Submission Requirements on Gradescope
Submit the following on Gradescope by the evening before the ﬁrst presentation (exact
date to be announced):
• Presentation slides.
• Project write-up (PDF format).
• Project code as a Jupyter Notebook. If necessary, a GitHub link is acceptable.
• If using a custom dataset, upload it to Gradescope (or provide a GitHub link, if
necessary).
1Project Guidelines
Write-Up Requirements
Your project write-up should include the following:
1. Introduction: Describe your data set and the problem you aim to solve.
2. Perform some unsupervised analysis:
• Explore pattern or structure in the data using clustering and dimensionality (e.g
PCA).
• Visualize the training data
1
:
– Plot individual features to understand their distribution (e.g., histograms
or density plots).
– Plot individual features and their relationship with the target variable.
– Create a correlation matrix to analyze relationships between features.
• Discuss any interesting structure is present in the data. If you don’t ﬁnd any
interesting structure, describe what you tried.
3. Supervised analysis: Train at least three distinct learning models
2 discussed in
the class (such as Linear Regression, Logistic Regression, SVM, Neural Networks,
CNN).
3
For implementation, you may:
• Use your own implementation from homework or developed independently.
• Use libraries such as Keras, scikit-learn, or TensorFlow.
For each model,
4 you must:
• Try diﬀerent feature transformations. You should have at least three transformations.
For example, try the polynomial, PCA, or radial-basis function kernel.
For neural networks, diﬀerent architectures (e.g., neural networks with varying
numbers of layers) can also be considered forms of feature transformations, as
they learn complex representations of the input data.
• Use diﬀerent regularization techniques. You should have at least 6 diﬀerent
regularization values per model
1Do not look at the validation or test data.
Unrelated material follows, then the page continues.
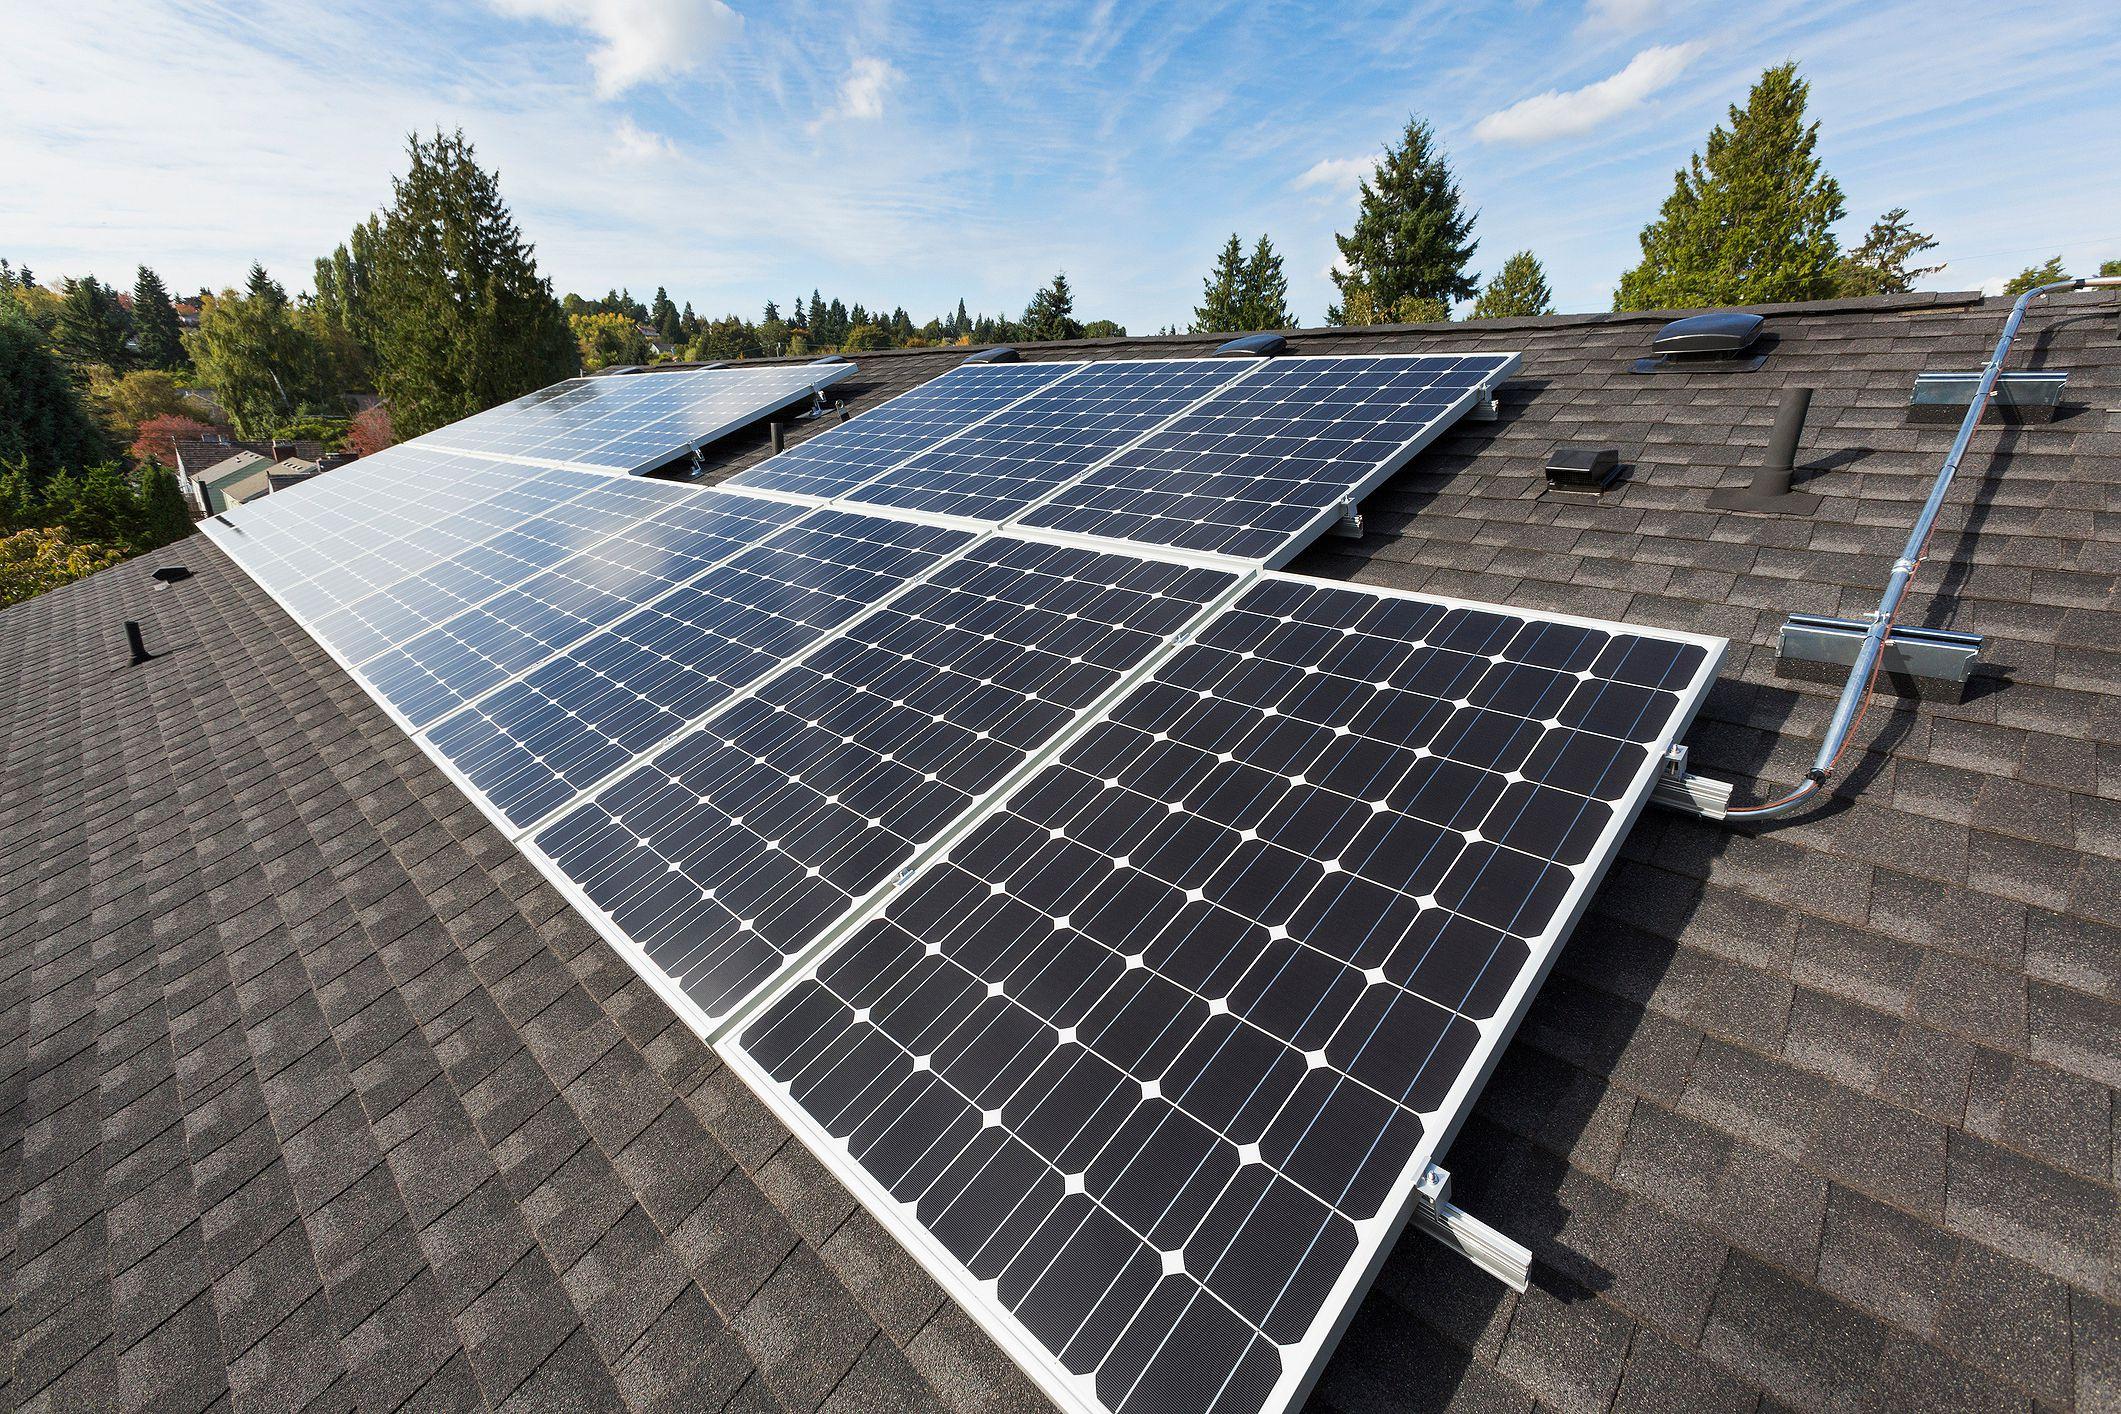 Solar panels GettyImages 188066505 587574a23df78c17b6e071ca Top Result 50 Inspirational Portable solar Panels Image 2018 Hdj5

2You can turn a regression task into a classiﬁcation task by binning, or for the same dataset, select a
diﬀerent feature as the target for your model. Or you can use SVR.
3
If you wish to use a model not discussed in class, you must discuss it with me ﬁrst, or you will not
receive any points for that model.
4Even if you get a very high accuracy, perform these transformations to see what happens.
24. Table of Results:
• Provide a table with training accuracy and validation metrics for every model.
Include results for the diﬀerent parameter settings (e.g., diﬀerent regularization
values).
– For classiﬁcation include metrics such as precision/recall.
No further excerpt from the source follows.